Нельзя ли оставить эти отвратительные механические секреты! — сказал он потом. — Довольно того, что люди не могут обойтись без них, чтобы жить!

Но вдруг почувствовал он новый прилив злобной радости.

(1897)

При этих словах Лугина в стеклянных глазах старика снова сверкнула вдруг, точно молния, сознательная, сатанинская злоба.

(1885)

При этих словах Лугина, в стеклянных глазах старика, снова сверкнула вдруг точно молния, сознательная, подозрительная злоба.

(1897)

призрак вдруг сделал какую-то странную гримасу и громко два раза щелкнул зубами.

(1885)

призрак вдруг сделал какую-то странную гримасу и оскалил зубы…

(1897)

А не демон тот, кто из любви к женщинам, из жажды «мгновенного наслаждения, безумного и преступного», отрекается от всего святого, от вечного, от бесконечного, от бессмертного, от души и Бога?

(1885)

А не демон тот, кто из любви к женщинам, из жажды «мгновенного наслаждения, безумного и преступного», отрекается от всего святого, от вечного, от бесконечного, от бессмертного?

(1897)

В тексте 1897 г. опущены красноречивые фразы, подчеркивающие саморазрушительную устремленность Лугина к гибели:

Он медленно перевел взгляд свой на рюмку…
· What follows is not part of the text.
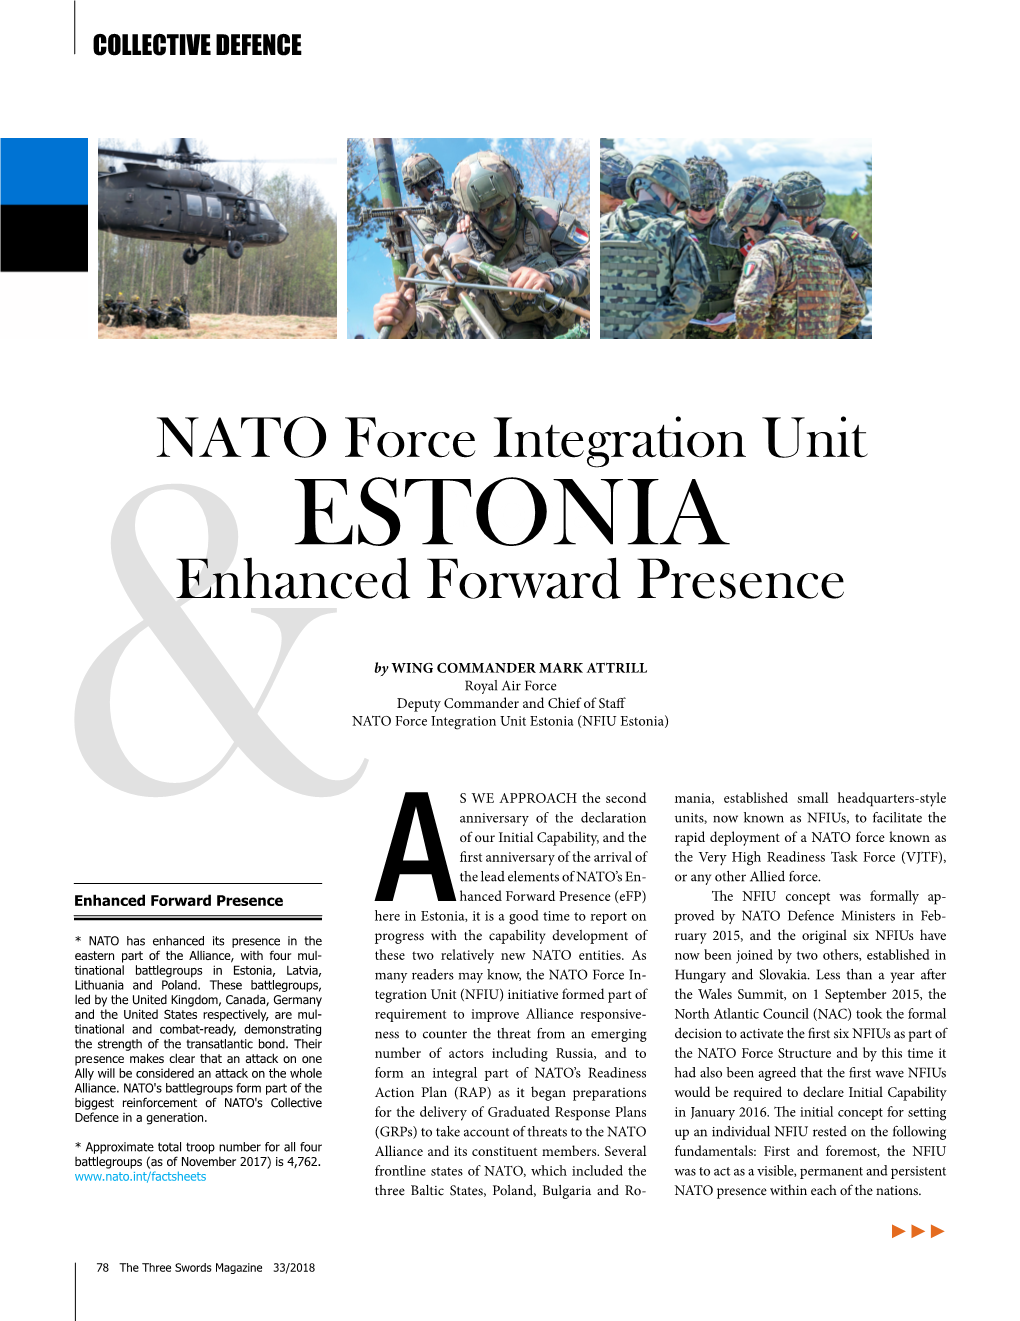 NATO Force Integration Unit Estonia and NATO Enhanced Forward

Какое-то острое и мучительное наслаждение вошло в его душу. В этой возможности сейчас:, сию минуту истребить себя было что-то невыразимо обольстительное для души его.

(1885)

Он медленно перевел взгляд свой на рюмку…

(1897)

Объятия Лугина и девушки-призрака, очевидно, показались в 1897 г. чересчур эротическими:

А она, эта призрачная женщина, смотрела теперь на него страстным, зовущим взглядом. Ее трепещущие, полуоткрытые уста были, казалось, влажны и просили поцелуя. Невыразимая, страстная, томная нега во всей склоненной и будто изнеможденной фигуре ее звала и обольщала… <…>

— Целуй, целуй меня! Обнимай меня! — тихо, как дыхание ветра, заговорила вдруг призрачная женщина, привлекая к себе Лугина и будто вся изнемогая от истомы счастья.

С воплем блаженства бросился к ней Лугин, обнял и крепко, почувствовал теплое, осязательное, трепещущее тело ее в своих объятьях, почувствовал вздымающуюся трепетным дыханием грудь ее и…

(1885)

А она, эта призрачная женщина, смотрела теперь на него страстным, зовущим взглядом. <…>

— Целуй, целуй меня! Обнимай меня! — тихо, как дыхание ветра, заговорила вдруг призрачная женщина.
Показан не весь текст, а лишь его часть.